I could see that he was getting suspicious and wondering what I was up to. “That…uh, we don’t really don’t know. Everything like that will be revealed to us after we enter paradise.”
“I’m curious. If you do live forever, what do you do for fun after 10,000 years? Will there be a lot of new movies? Will there be places like Disneyland? Will people be having lots of sex?”
“Again, we don’t know for sure how all of those things will be accomplished. But none of us want to die – ever. So I’m sure that in a perfect world we will all find plenty of things to do that will bring us joy. You certainly seem to have a lot of interesting questions.”
I decided I’d try one more question to let him know that I wasn’t going to play “Mr. Householder” to his “Brother Prepared Publisher” – like they do during Theocratic Ministry School meetings and in skits at assemblies and conventions.
I glanced at his wife for a brief second, and then turned back to him. “Let’s assume that God created a paradise on earth, called Eden.”
“That he did,” was his automatic response.
“And then God put a perfect man and woman there to manage the garden and also to multiply and fill the earth with more people. Then why didn’t He just leave things alone and let humanity continue to live in that perfect state? Why did He have to ‘test’ them with the ‘forbidden fruit’? Why would He stand back and let them be tempted by Satan? Why set them up for failure and then punish them – AND all of their innocent descendants – to lives of pain, misery, and death? And then why would he continue to do this to humanity for the next six to seven thousand years? That simply doesn’t make sense to me. Is that what a loving god would do? I know that I’m not perfect, but I certainly wouldn’t do that to my own children.”
With that he closed his Bible and handed it to his wife. As he put his gloves on, he looked at me as if I was the Devil himself. “Well, it’s been interesting speaking to you this morning,” he said in an unconvincing, almost sarcastic manner. “Thank you for inviting us in. I hope we’ve answered some of your questions. It’s been an interesting conversation. Maybe we can visit again in the future at a more convenient time.”

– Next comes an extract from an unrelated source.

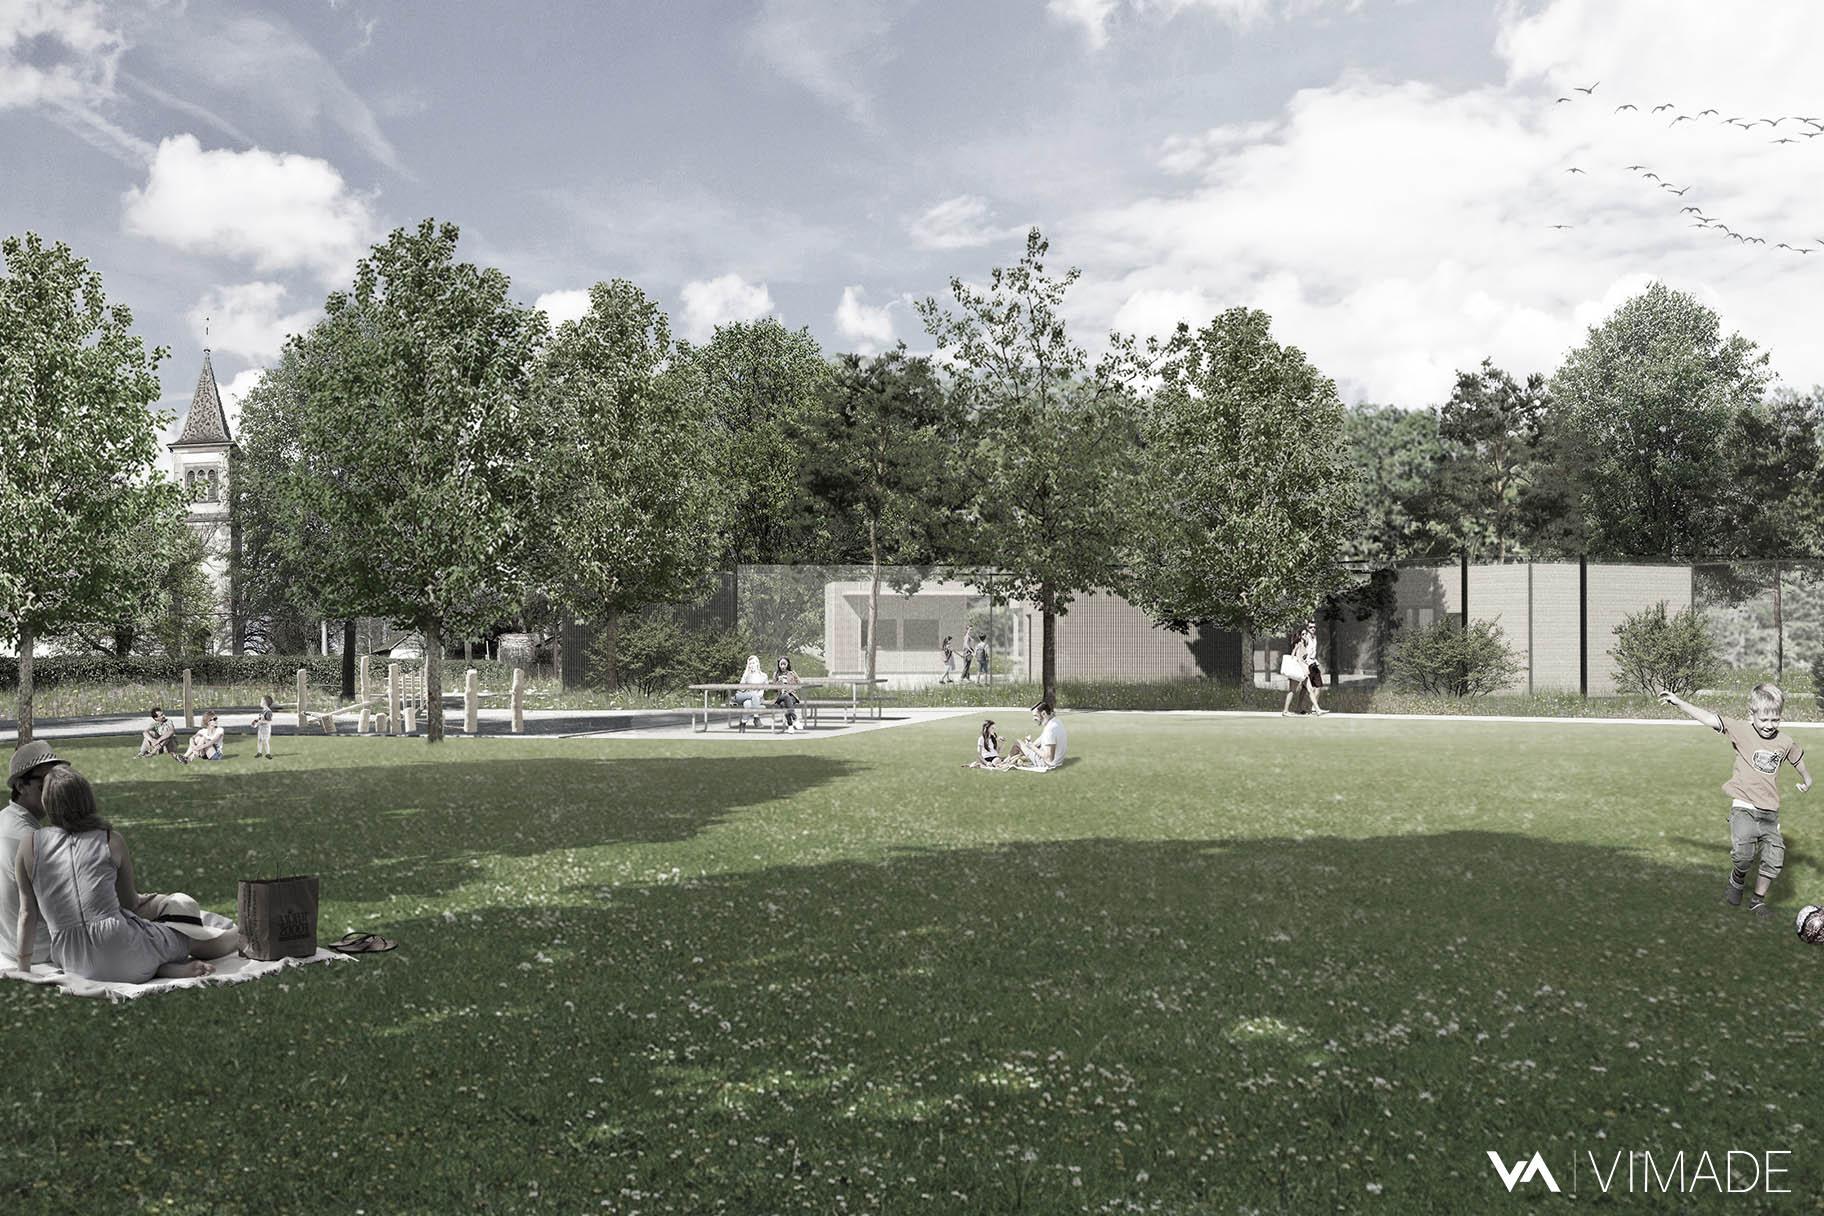 perspective-parc-esplanade-chemin-sales-prospecierara-vernier-edicules-meleze-claire-voie-grande-pelouse-jeux-bois-architecture-paysage-vimade-geneve

I could tell that they were anxious to make a quick exit. While they had to be very warm in their coats and gloves, I could see that wasn’t why he was clearly uncomfortable being there. There was a look in his eyes that told me that he suspected I was playing with him – even though I’d been careful not to ridicule, or be sarcastic, while speaking to them.
That couple has never returned. A couple pairs of young JW boys and girls in their early teens rang our bell the following year, and I even accepted their magazines. But no adult Witnesses have ever come to my door since then. In the past two years we’ve not had a single visit. I’ve seen them in the neighborhood from time to time, but they always walk by my home. I know they are bypassing my house on purpose. I’m sure that I’m on their “Do Not Call” list.
So I now know that there’s an “apostate” in my neighborhood. He would be me.